Les enseignements de Karlsruhe

Un certain nombre d'éléments sont transposables au cas girondin pour assurer :

- le succès commercial du tram-train (garantir le confort des rames, le cadencement, le niveau de service indifférencié en heures de pointe/heures creuses/week-end…) ;

- l'exploitation (prolonger des lignes existantes avec des capacités accrues pour la desserte des territoires périurbains les plus éloignés, tout en maintenant des temps de parcours performants) ;

- la planification pérenne des réseaux de transports collectifs sur le long terme (durée de 20 ans) ;

- une politique de stationnement en périphérie par l'aménagement ponctuel de parcs-relais situés à proximité immédiate des gares ferroviaires, condition du rabattement ;

- l’intégration des modes doux dans les projets d'aménagement (en cœur d'îlot, le long des axes de transports en commun, etc.) ;

- l’utilisation du réseau tram-train pour structurer l'urbanisation (en chapelet ou par polarisation le long des axes).
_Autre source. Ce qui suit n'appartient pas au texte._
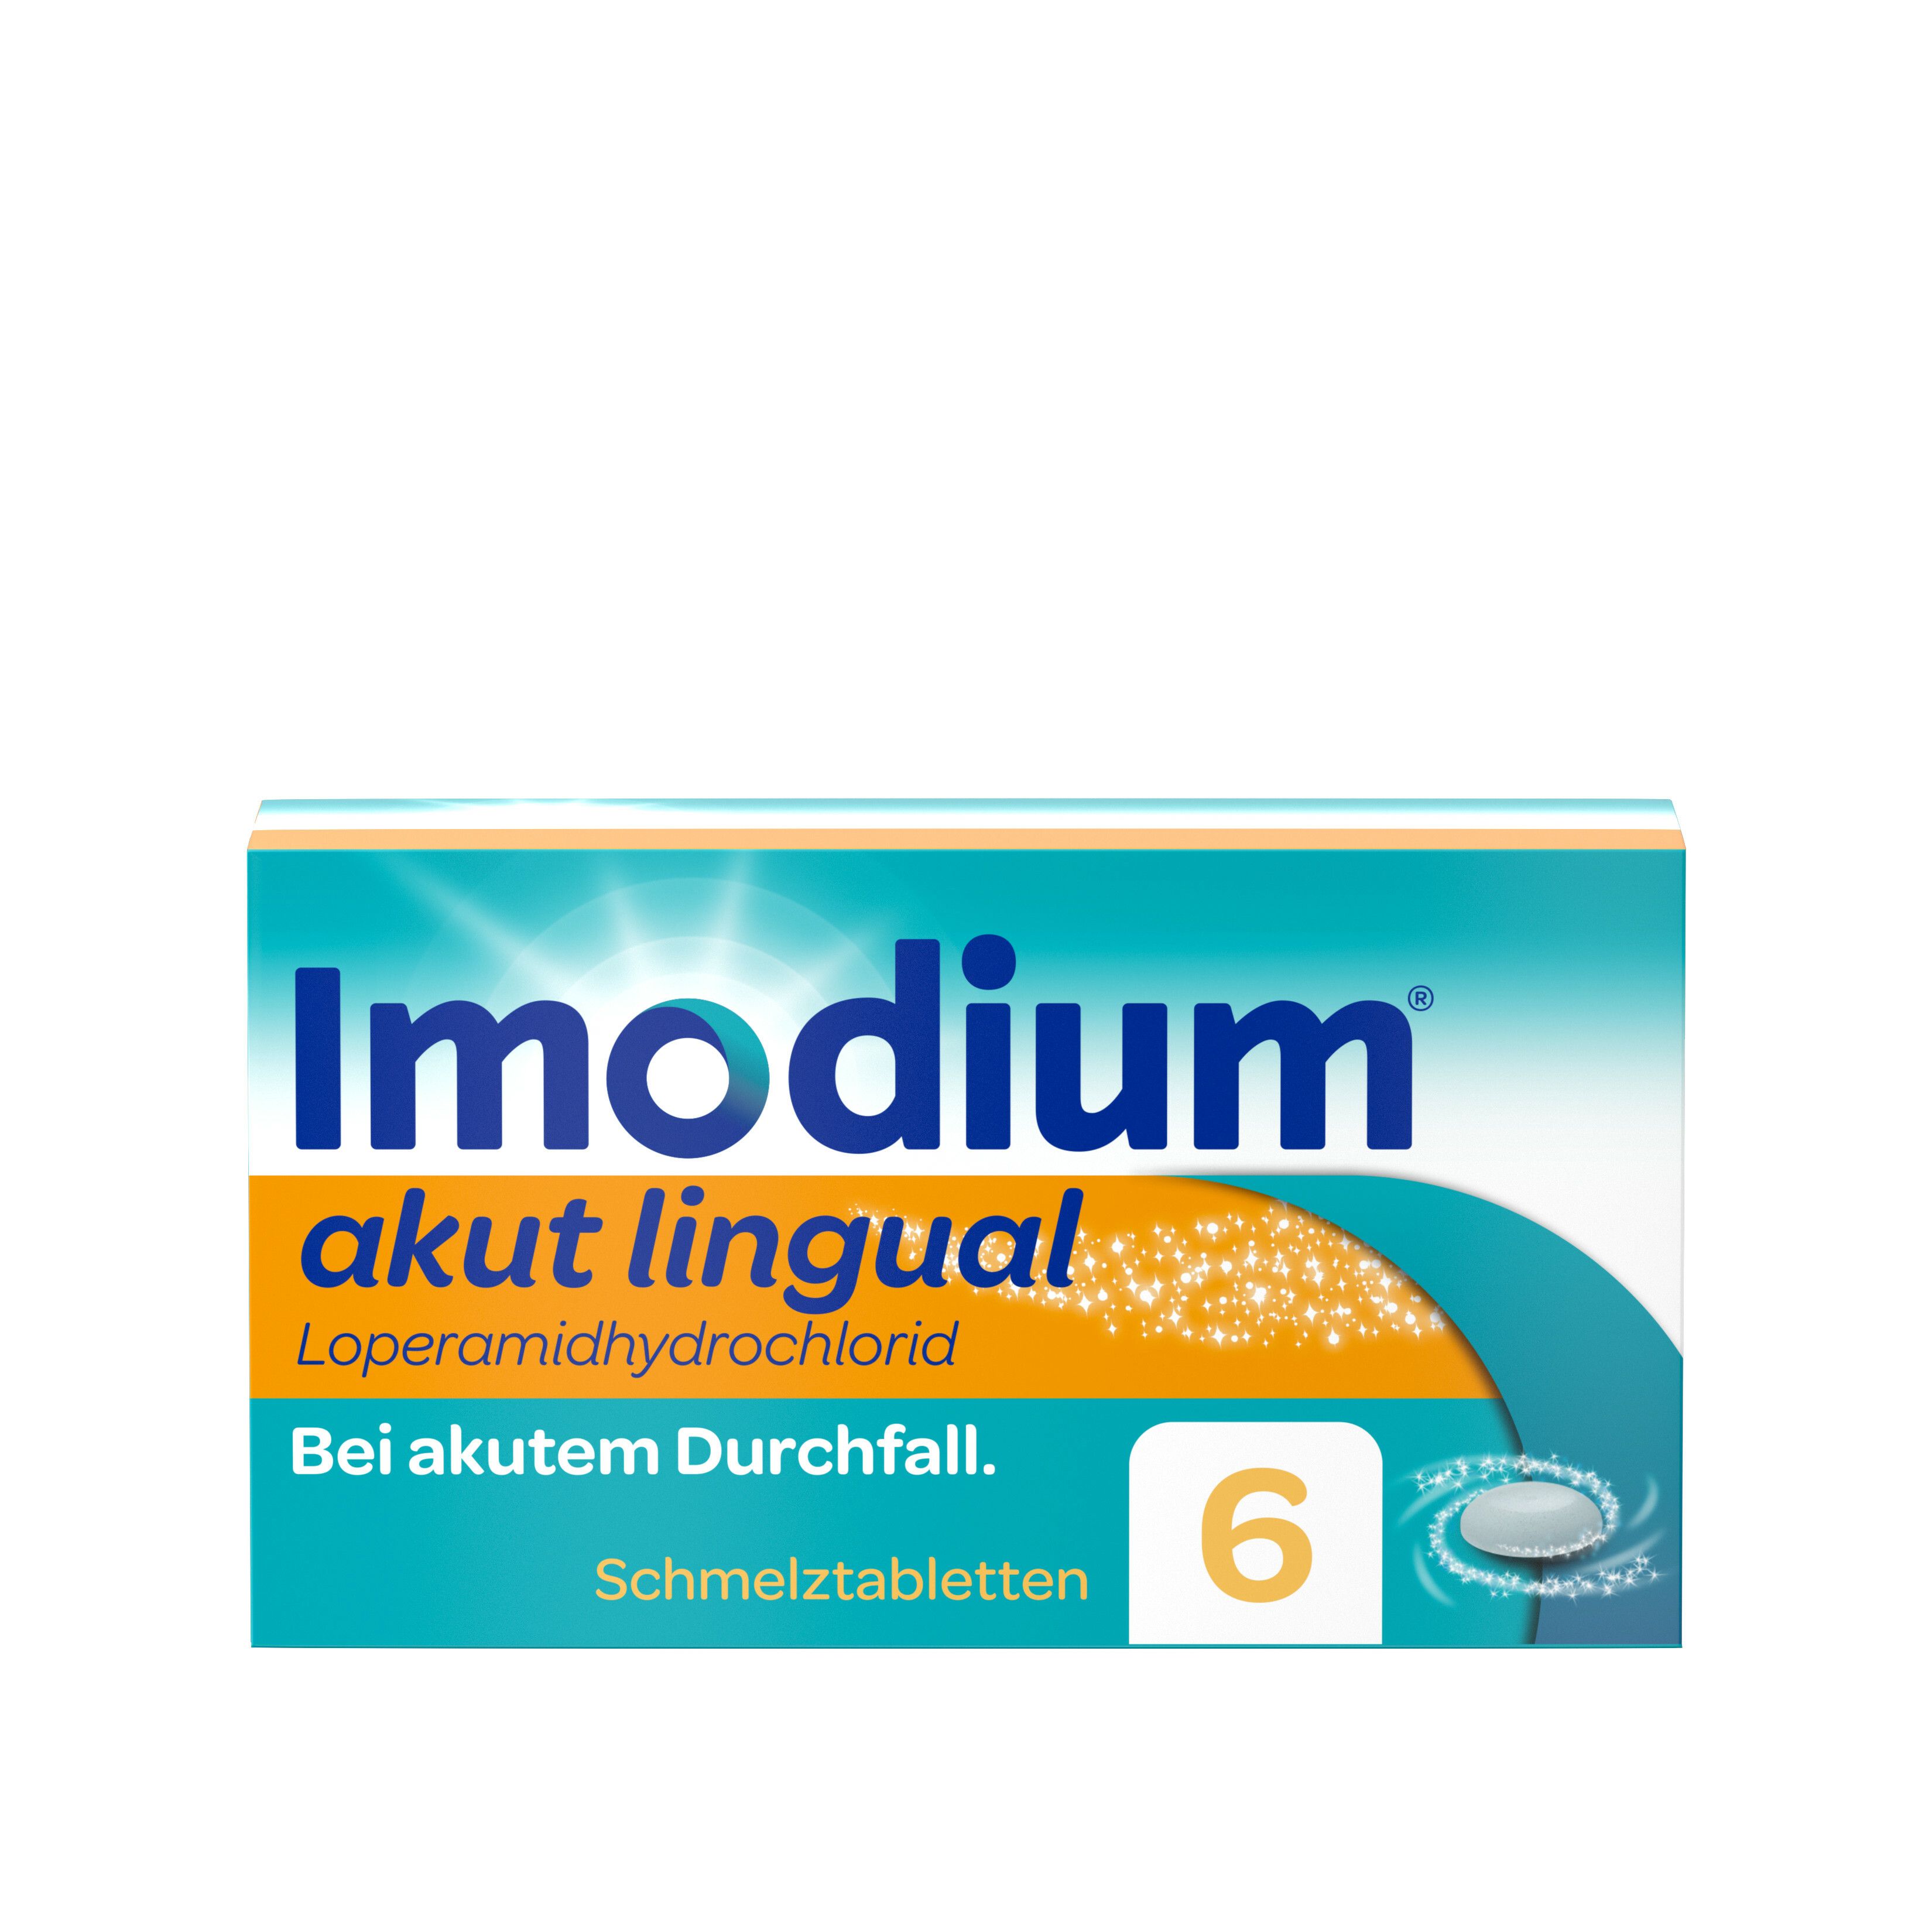 Imodium® akut lingual Schmelztabletten - bei akutem Durchfall

Un certain nombre d'éléments sont difficilement transposables à l’agglomération bordelaise. Le modèle vertueux de Karlsruhe est pleinement efficace dans une configuration caractérisée par des polarités urbaines suffisamment vastes et organisées en chapelet, pour laquelle les dessertes de TC sont performantes et rentables. Or les territoires périurbains girondins, souvent fragmentés et dispersés, se prêtent beaucoup moins bien à la desserte par tram-train.

§ 2 – Des corridors prioritaires de densification : le réseau du tramway bordelais

La construction du tramway bordelais a pleinement contribué à rendre l’hypercentre à nouveau attractif. Deux principes d’aménagement ont été retenus pour atteindre cet objectif.

Le premier consistait à prendre en compte la zone de recrutement des stations, plutôt large si on la compare à d’autres modes de transport. Le tramway influence l’environnement davantage que les bus. Les zones de recrutement des stations génèrent un continuum d’attraction le long de la ligne : ce sont les corridors du tramway (ils sont représentés de manière synthétique et sans échelle).

Zones de recrutement générées par une ligne de bus autour des stations :

Zones de recrutement générées par une ligne de tramway autour des stations :

L’attraction exercée par le tramway est censée susciter une adhésion des voyageurs. C’est ainsi que le développement du tramway à Bordeaux est passé d’une stricte logique de transport à une logique d’habitat (voir Carte 32 ci-après).

Le tramway de Bordeaux a retenu dans son tracé les zones fortement équipées ou densément urbanisées. La desserte a donc privilégié l’existant afin que les utilisateurs soient attirés par ce TCSP et effectuent ainsi un report modal.

Toutes ses lignes convergent vers le centre historique de Bordeaux. La densité s’intensifie dans un périmètre où se croisent les trois lignes de tramways. Cette zone s’étend des Chartrons à la Victoire et à la gare Saint-Jean via les Quinconces, et du quartier Mériadeck à la Place Stalingrad (rive droite).

Carte 32 - Corridors de densification du tramway

Source : a’urba, PLU, 2000.

A la faveur de la construction du tramway (à partir de 1995), une politique de renouvellement urbain très volontariste s’est engagée. Elle constitue le second principe organisateur du développement de Bordeaux.

L’objectif était de faire bénéficier ces corridors de gains de population. Ce phénomène s’est concrétisé par l’intérêt retrouvé pour le centre-ville. L’urbanisation des quartiers, le long des lignes du tramway, a de même été fortement dynamisée : programme d’amélioration de l’habitat ; constructions neuves ; aménagement d’espaces publics ; création d’équipements… Sans s’appuyer sur des contrats d’axes, cette politique a permis de créer de véritables corridors de densification le long des lignes de tramway, en redynamisant un centre historique qui se vidait peu à peu de sa population et de ses activités depuis plusieurs décennies.